Jen Kwok. Photo by Heather Craig.

For the last two years, actress-slash-musician Jen Kwok sought to bring back agency between performers and listeners with her unusually structured musical series Songs for One. Created to be a reactionary project against distressing politically charged events at the time–the presidential election and hate-fueled shootings that were springing up left and right–Songs for One allowed Kwok to offer an “antidote to the disconnection and divisiveness” of the outside world in her own small way. Through personal invitations and word-of-mouth, Kwok would invite one person into her studio to play a personalized set of three songs just for them. Her listeners’ feelings and opinions were taken into account, allowing Kwok to adjust her set according to every individual person. No two “concerts” ended up being the same. If only for a moment, these performances tailored each experience to fit the person listening while strengthening their unspoken bond.  It’s quite an interesting concept.

Still from “That One Thing.” Animated by Celeste Lai.

Last month, Kwok expanded upon her original idea by releasing Songs for One EP, a visual project that spotlighted three songs from those sessions, slating them for widespread release. Those songs–“Deep Down,” “Desert to the Sea,” and “That One Thing”–encompassed those overarching feelings of bruised hope that Kwok had during the time. Even though the timeframe for those exclusive performances have come and gone, the songs on Songs for One EP give those who missed it a general idea of how those private concerts went.
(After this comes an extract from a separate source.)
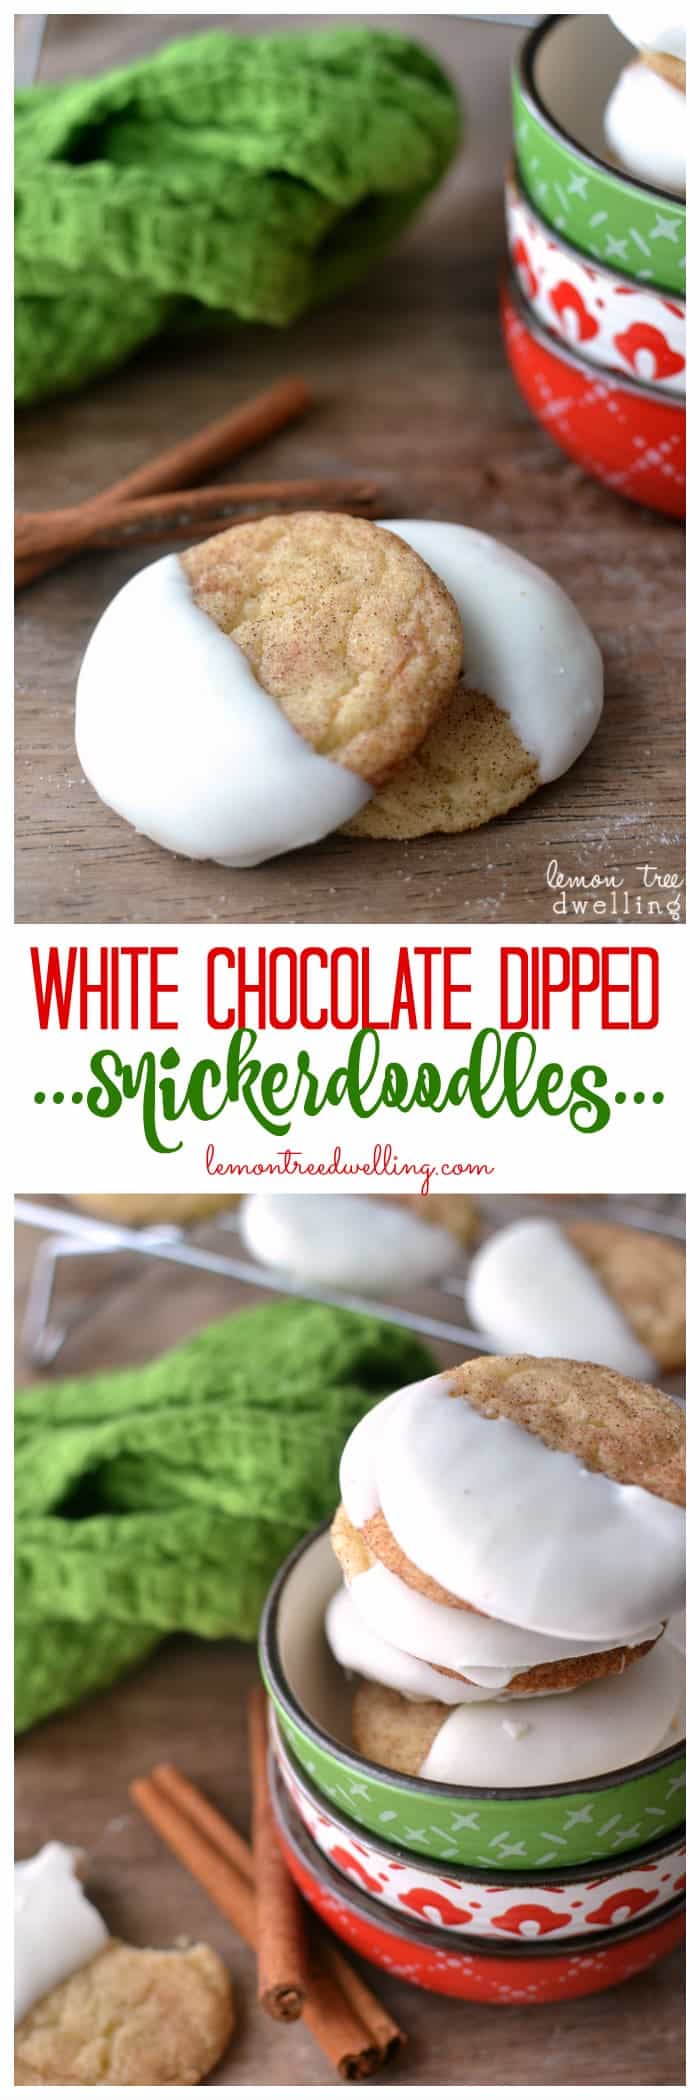 White Chocolate Dipped Snickerdoodles - a delicious twist on one of my favorite Christmas cookies! 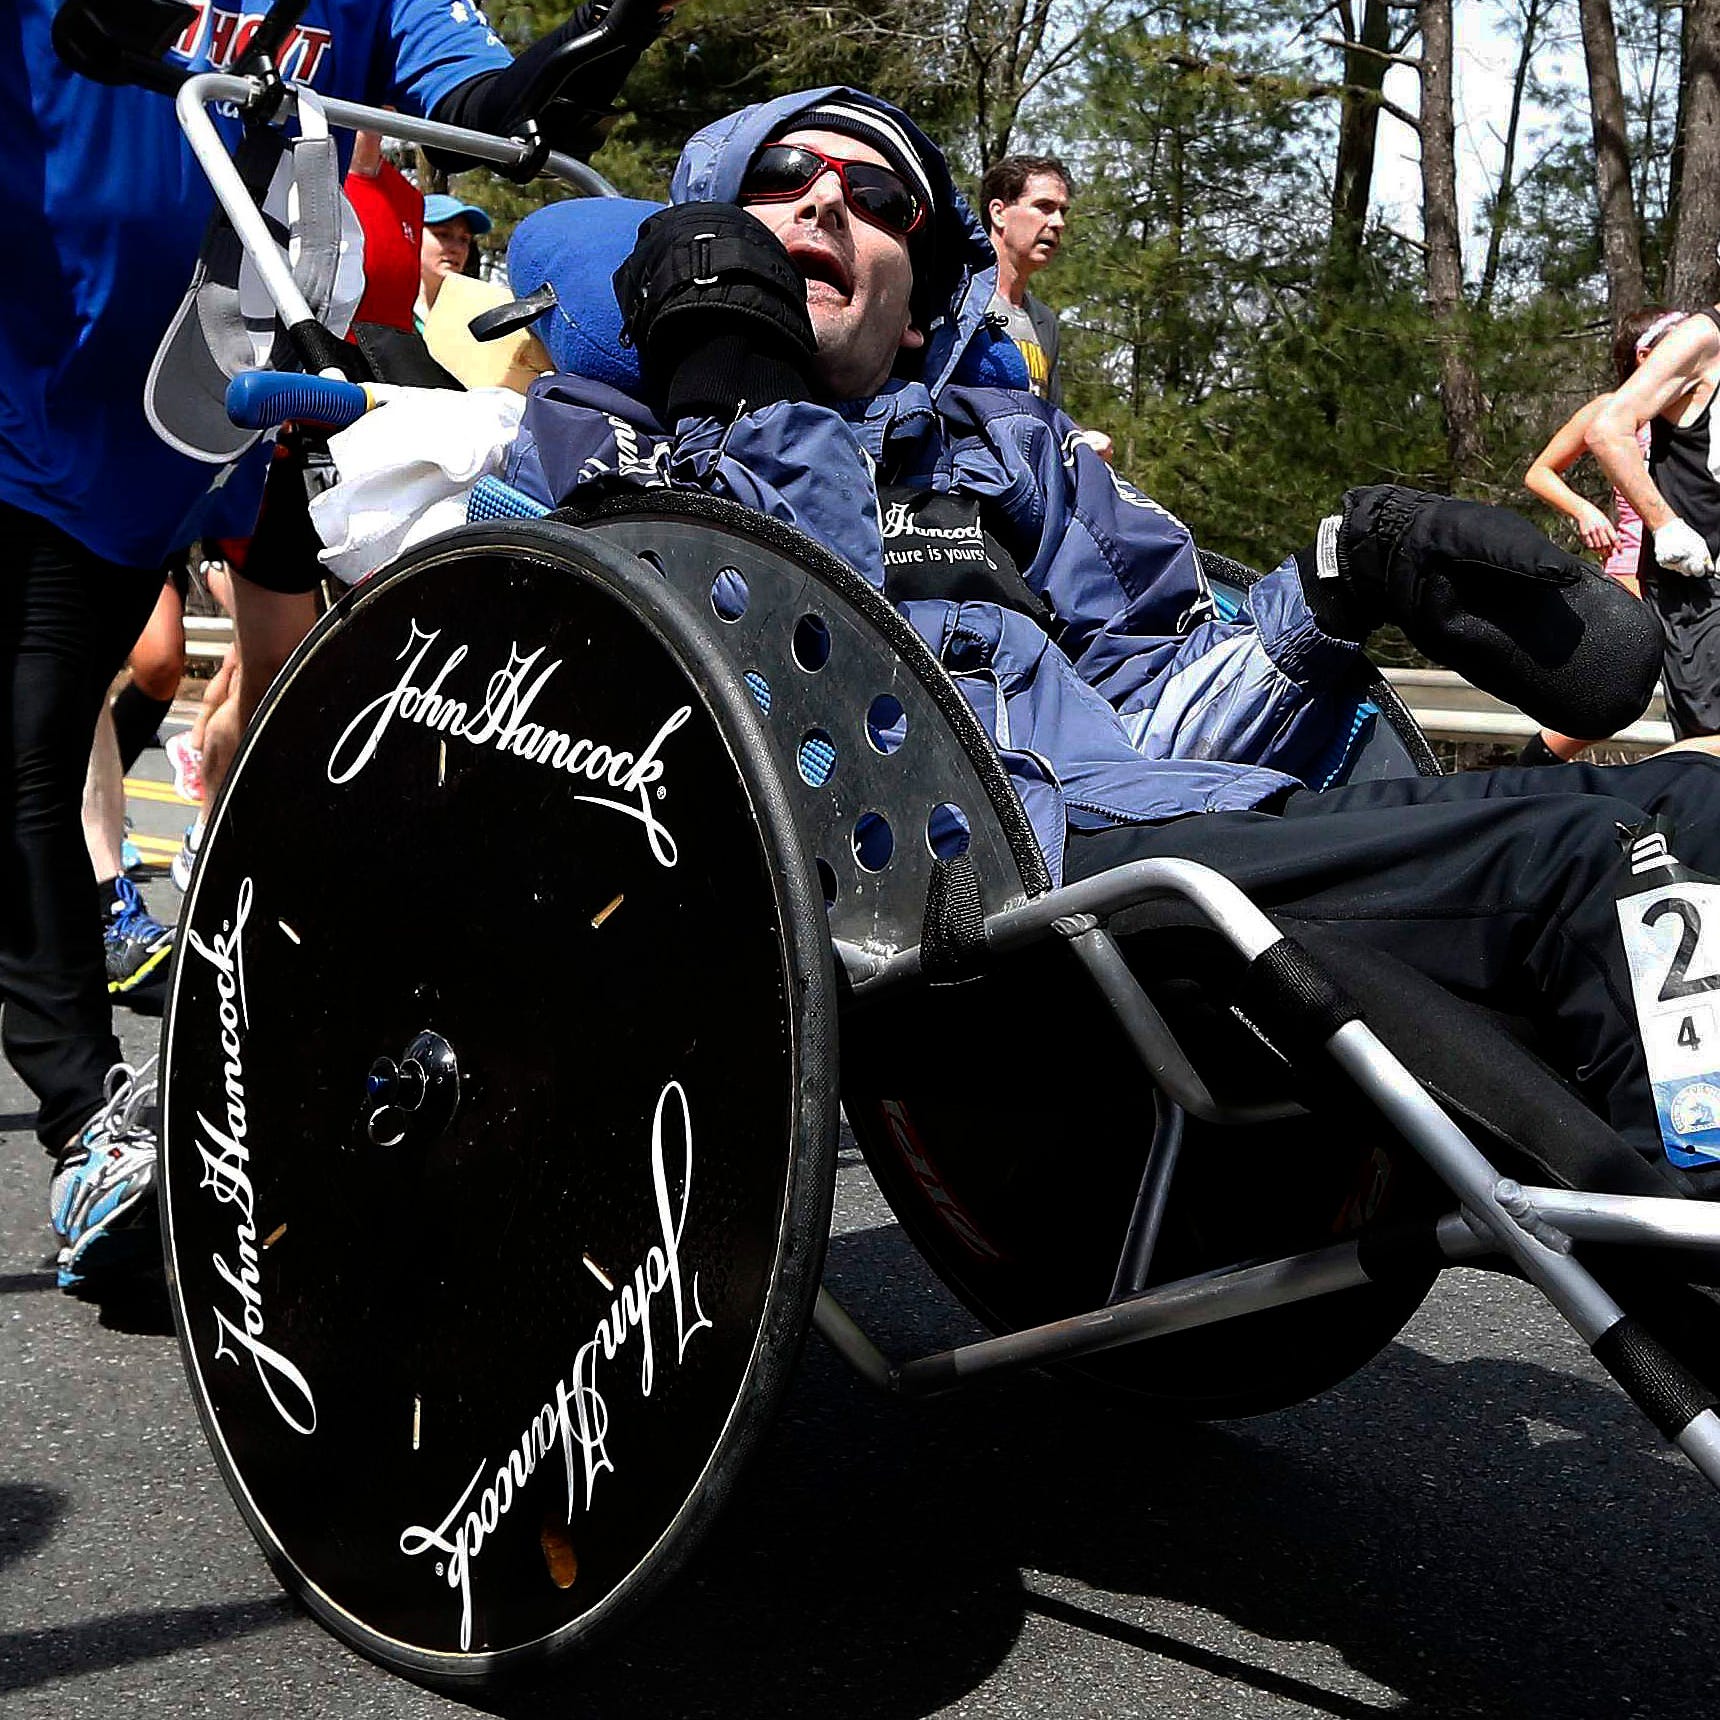 Rick Hoyt, center, is pushed by his father Dick at the 2013 Boston Marathon. The Hoyt became a fixture at the Boston Marathon and other races for decades.

Each one of the songs represented here is infused with a healing aura, creating soothing melodies that make you forget the troubles of the outside world one song at a time. Released alongside three videos by female animators and collaborators, the songs here all take on lives of their own.

Compared to the songs that she’s released in the past, with goofy, tongue-in-cheek names like “Thong Song” and acoustic covers of Ghost Town DJs’s “My Boo” on the raunchily named *69 EP, the songs represented on Songs for One EP are marked with a grave seriousness that deflect against the injustices of the world. There’s also an unspoken pain written into the narrative on the songs here that are brought out by collaborator Jody Shelton’s omnipresent heavy orchestration. But don’t be fooled–Songs for One EP stems from a place of self-love. “Deep Down,” the EP opener, sets that tone right from the beginning. A song about accepting yourself as who you are, its message is heartwarming while the song sonically emits a sense of serious doom and gloom. But as she’s joined by a chorus of singers mid-song, Kwok wants you to know that you aren’t alone–offering her listener hand to hold. Troubling times call for more meditative music.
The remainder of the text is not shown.